What is
3
1
divided by
6
5
?
The Correct Answer and Explanation is :
To divide the fraction (\frac{3}{1}) by the fraction (\frac{6}{5}), we follow the rules for dividing fractions. The process involves multiplying the first fraction by the reciprocal of the second fraction.
Steps to Solve:
- Identify the fractions: We have (\frac{3}{1}) and (\frac{6}{5}).
- Reciprocal of the second fraction: The reciprocal of (\frac{6}{5}) is (\frac{5}{6}).

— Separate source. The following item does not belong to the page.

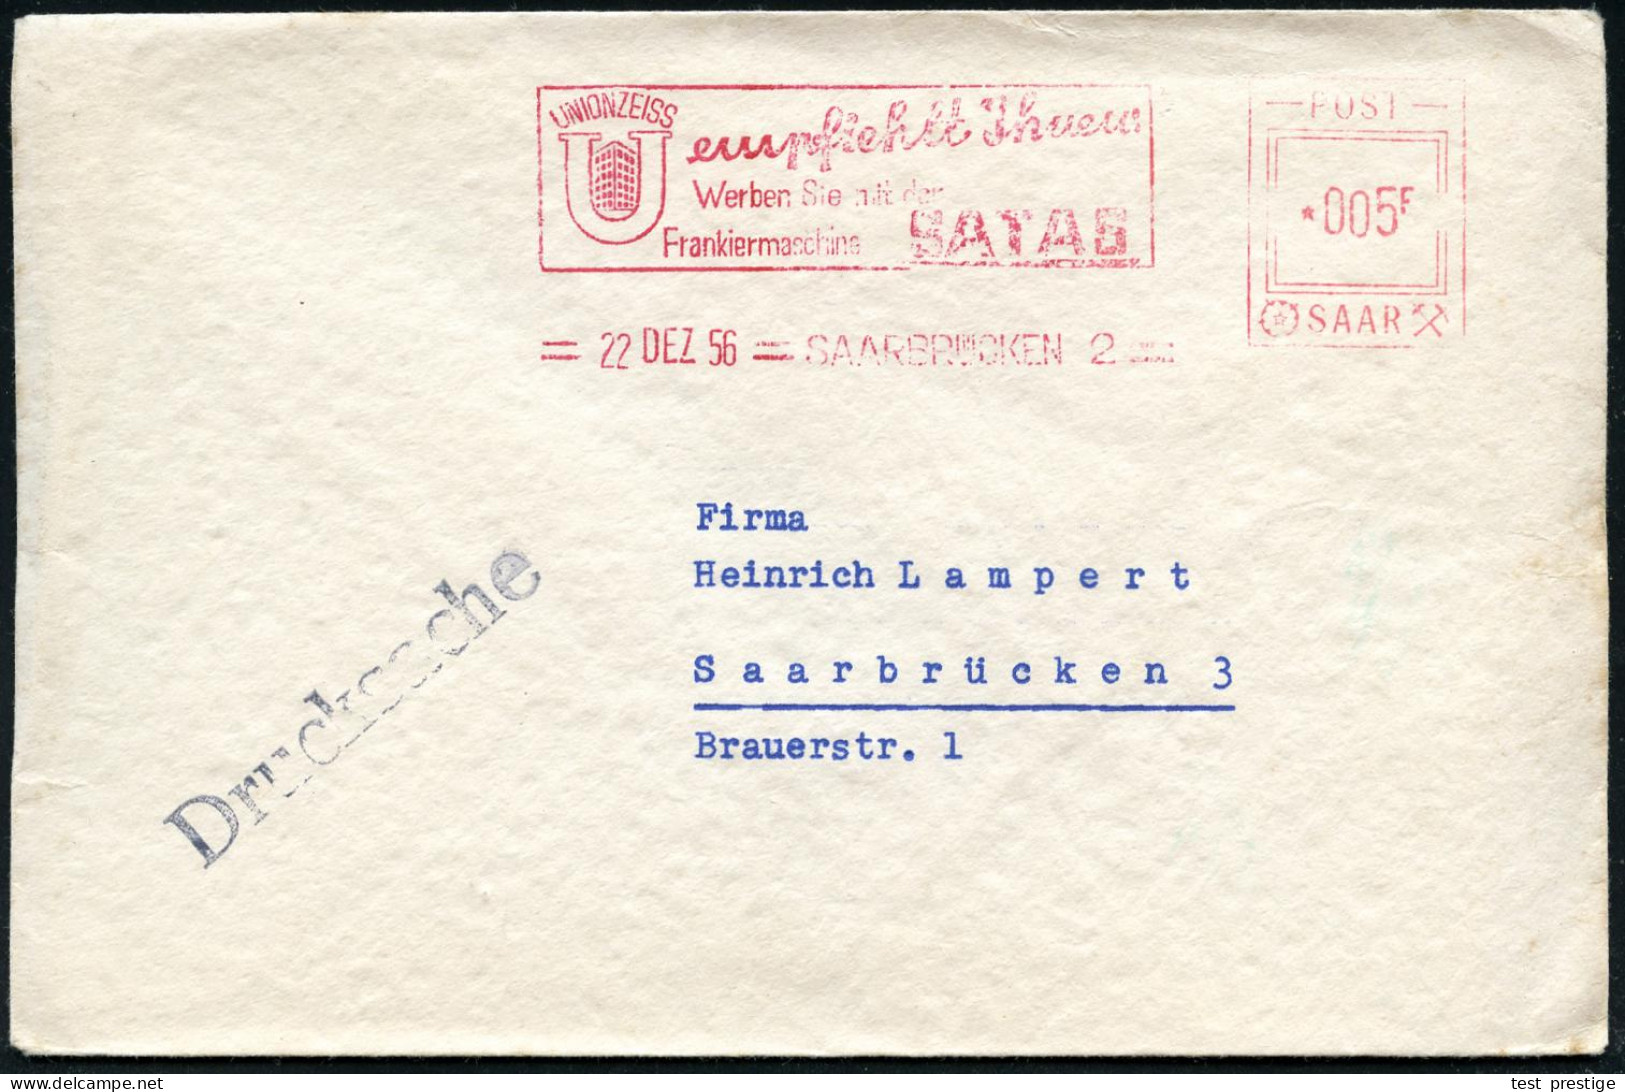 SAARBRÜCKEN 2/ UNION ZEISS../ Werben Sie Mit Der/ Frankiermaschine SATAS 1956 (22.12.) AFS Satas "POST SAAR" 005 F. (Fir - Sonstige

The reciprocal is obtained by swapping the numerator and the denominator.
- Multiply the first fraction by the reciprocal:
[
\frac{3}{1} \div \frac{6}{5} = \frac{3}{1} \times \frac{5}{6}
] - Multiply the numerators: Multiply the numerators together:
[
3 \times 5 = 15
] - Multiply the denominators: Multiply the denominators together:
[
1 \times 6 = 6
] - Combine the results: Now, we have:
[
\frac{15}{6}
] - Simplify the fraction: Both 15 and 6 can be divided by their greatest common divisor, which is 3:
[
\frac{15 \div 3}{6 \div 3} = \frac{5}{2}
]
Final Answer:
Thus, (\frac{3}{1}) divided by (\frac{6}{5}) equals (\frac{5}{2}) or 2.5 in decimal form.
Explanation of Fraction Division:
Dividing fractions may initially seem complex, but it fundamentally hinges on the idea of multiplication. When we divide by a fraction, we are essentially asking how many times that fraction fits into another. By converting the division into multiplication with the reciprocal, the operation becomes straightforward. This method emphasizes the relationship between multiplication and division, revealing that division is simply a form of scaling down a quantity, while multiplication increases it. This principle applies universally, whether dealing with whole numbers, fractions, or decimals, making understanding fraction operations crucial in both mathematical theory and practical applications.